Log of events seen for this issue:
INFO: th500_ras_intr_handler: External Abort reason=0 syndrome=0xbe000411 flags=0x1
ERROR: spmd_ffa_direct_message failed (4294967292) on CPU121
ERROR: spmd_ffa_direct_message failed (4294967292) on CPU121
ERROR: spmd_ffa_direct_message failed (4294967292) on CPU121
ERROR: spmd_ffa_direct_message failed (4294967292) on CPU121
ERROR: spmd_ffa_direct_message failed (4294967292) on CPU121
ERROR: spmd_ffa_direct_message failed (4294967292) on CPU121
ERROR: spmd_ffa_direct_message failed (4294967292) on CPU121
ERROR: spmd_ffa_direct_message failed (4294967292) on CPU121
ERROR: spmd_ffa_direct_message failed (4294967292) on CPU121
ERROR: spmd_ffa_direct_message failed (4294967292) on CPU121
ERROR: spmd_ffa_direct_message failed (4294967292) on CPU121
ERROR: spmd_ffa_direct_message failed (4294967292) on CPU121
ERROR: spmd_ffa_direct_message failed (4294967292) on CPU121
ERROR: spmd_ffa_direct_message failed (4294967292) on CPU121
ERROR: spmd_ffa_direct_message failed (4294967292) on CPU121
ERROR: spmd_ffa_direct_message failed (4294967292) on CPU121
ERROR: spmd_ffa_direct_message failed (4294967292) on CPU121
ERROR: spmd_ffa_direct_message failed (4294967292) on CPU121
ERROR: spmd_ffa_direct_message failed (4294967292) on CPU121
ERROR: spmd_ffa_direct_message failed (4294967292) on CPU121
ERROR: spmd_ffa_direct_message failed (4294967292) on CPU121
ERROR: spmd_ffa_direct_message failed (4294967292) on CPU121
ERROR: spmd_ffa_direct_message failed (4294967292) on CPU121
ERROR: spmd_ffa_direct_message failed (4294967292) on CPU121
ERROR: spmd_ffa_direct_message failed (4294967292) on CPU121
ASSERT: plat/nvidia/tegra/soc/th500/plat_ras.c:408
BACKTRACE: START: assert
0: EL3: 0x78732b2648
1: EL3: 0x78732b0294
2: EL3: 0x78732c45fc
3: EL3: 0x78732c481c
4: EL3: 0x78732bda18
5: EL3: 0x78732b9f18
6: EL3: 0x78732b1258
BACKTRACE: END: assert
Workaround#
Currently, there is no temporary solution available.

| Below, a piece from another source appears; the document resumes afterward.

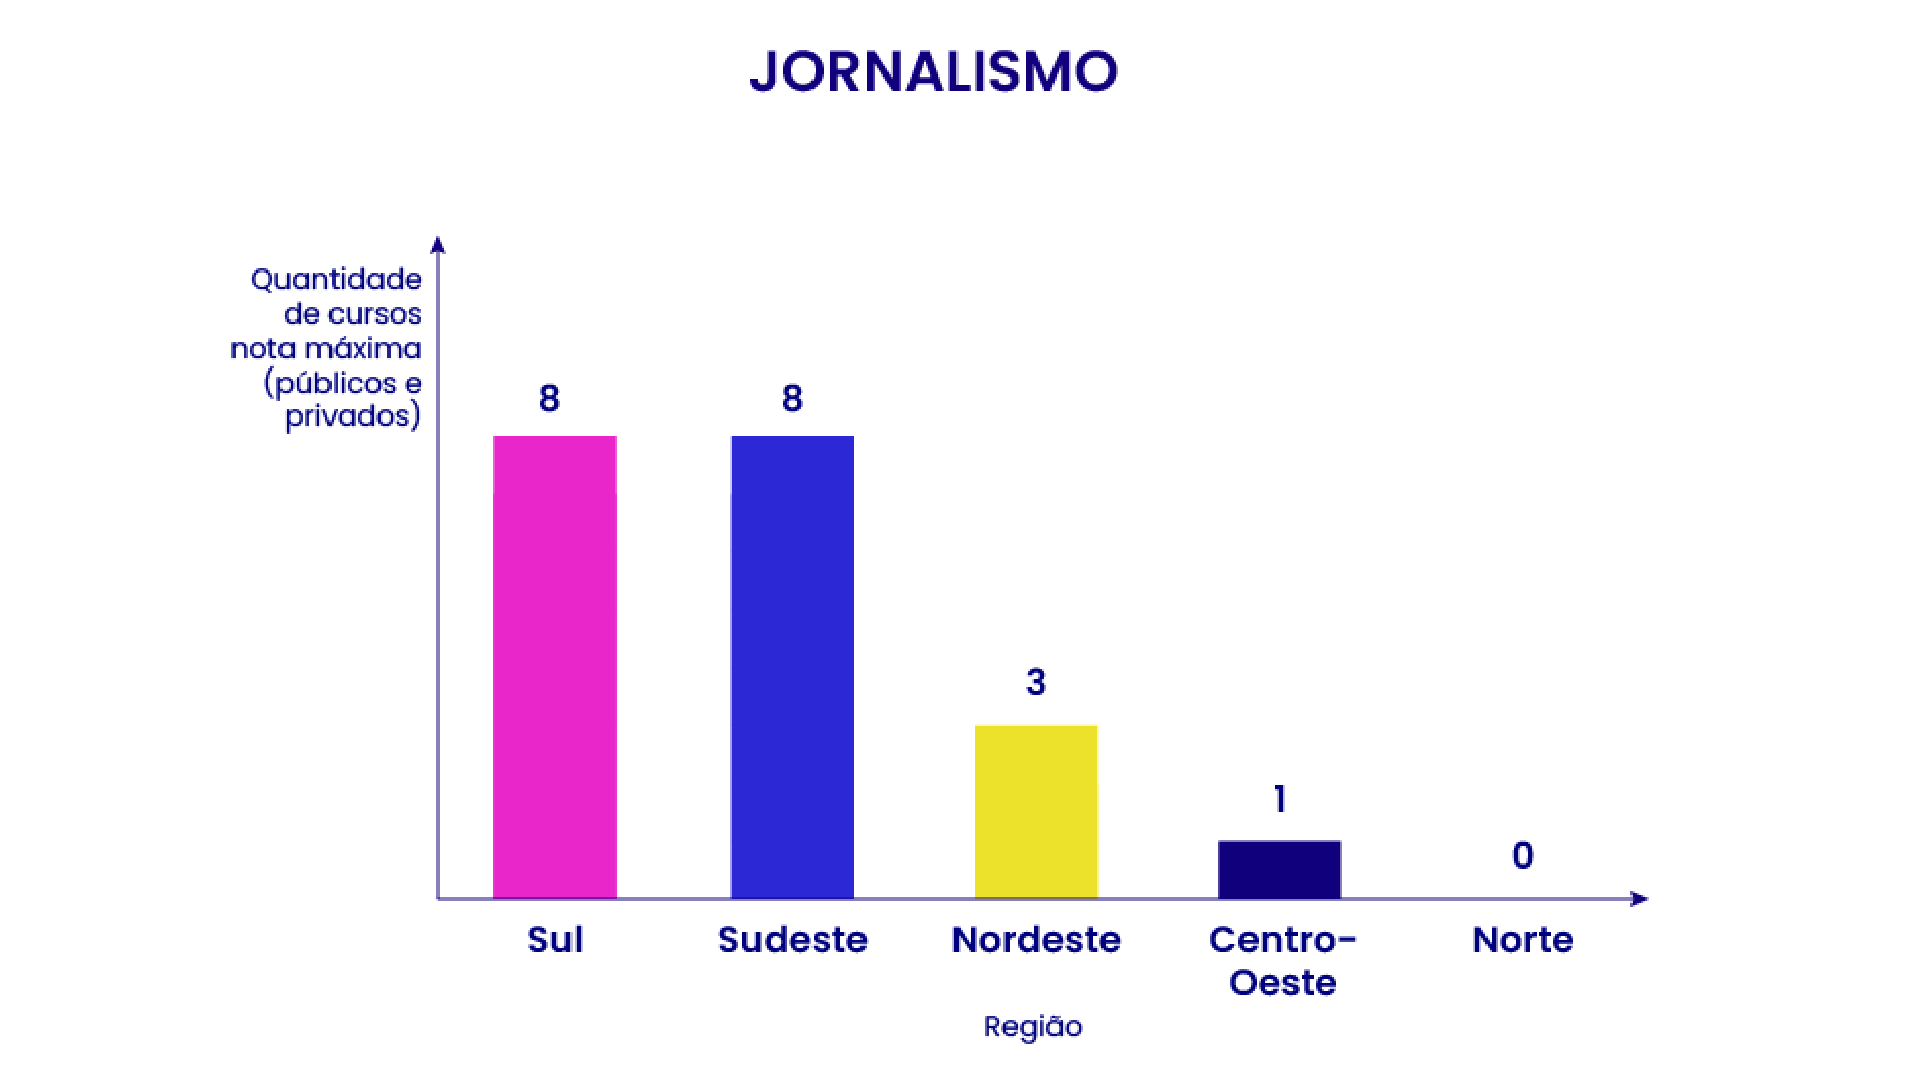 Gráfico de barras indicando a quantidade de cursos de Jornalismo com nota máxima por região do Brasil: 8 no Sudeste e Sul, 3 no Nordeste, 1 no Centro-Oeste e nenhum no Norte
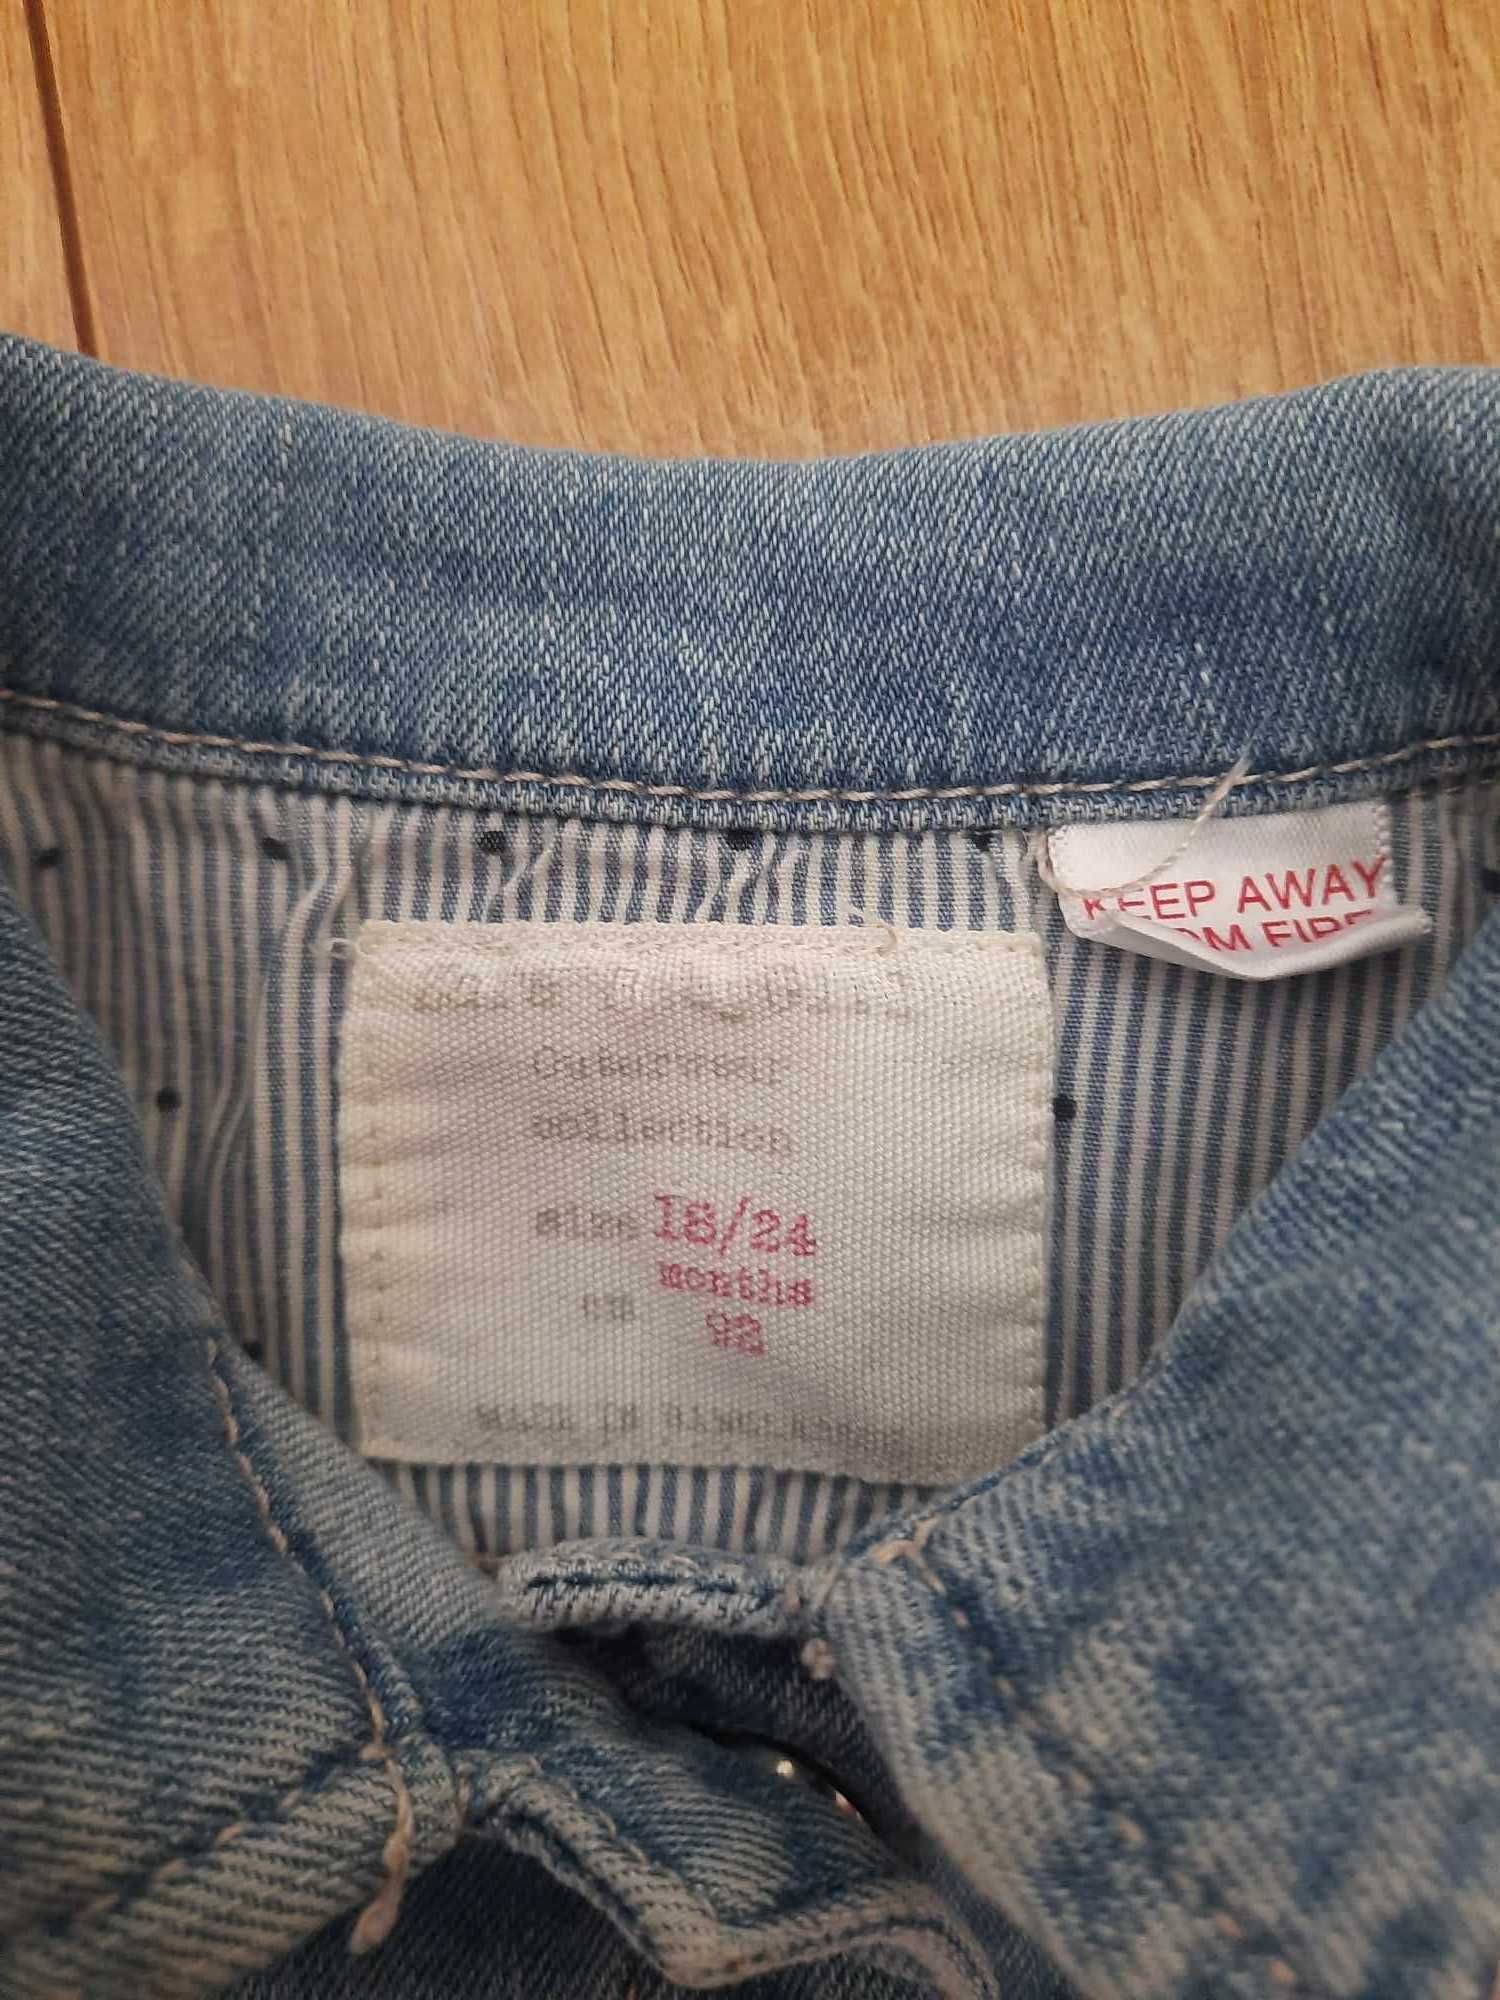 kurtka jeansowa dla dziewczynki, marki Zara, rozmiar 92

The nvidia_peermem Module Does Not Load After an OTA Update#
Issue#
After you perform an OTA update, the nvidia-peermem-loader
package is installed, but
the nvidia_peermem
module is not loaded. As a result, the following error message
appears in the dmesg
log:
nvidia_peermem: disagrees about version of symbol ib_register_peer_memory_client
nvidia_peermem: Unknown symbol ib_register_peer_memory_client (err -22)
Workaround#
This issue occurs because updating the mlnx-ofed-kernel
package requires rebuilding
the nvidia-peermem
DKMS module to use the new version of the mlnx-ofed-kernel
package.
The following commands will rebuild the necessary modules:
MODULE_VERSION=`dkms status nvidia -k $(uname -r) | cut -d "," -f1` || true
if [ ! -z "${MODULE_VERSION}" ]; then
sudo dkms remove -m ${MODULE_VERSION} -k $(uname -r) || true
sudo dkms install -m ${MODULE_VERSION} -k $(uname -r) || true
fi
DGX Station A100 Failed to Boot After Applying MIG Configurations#
Issue#
After MIG configurations were successfully applied to a DGX station A100 system running DGX OS 7.0.2,
the system failed to boot when you ran the sudo reboot
command. Resetting the GPUs by performing
a DC power cycle could not recover the system.
Workaround#
The DGX OS 7.0.2 release does not support the DGX Station A100 system with MIG enabled. To resolve the boot failure, install DGX OS 6.3.2 on the system and then apply MIG configurations.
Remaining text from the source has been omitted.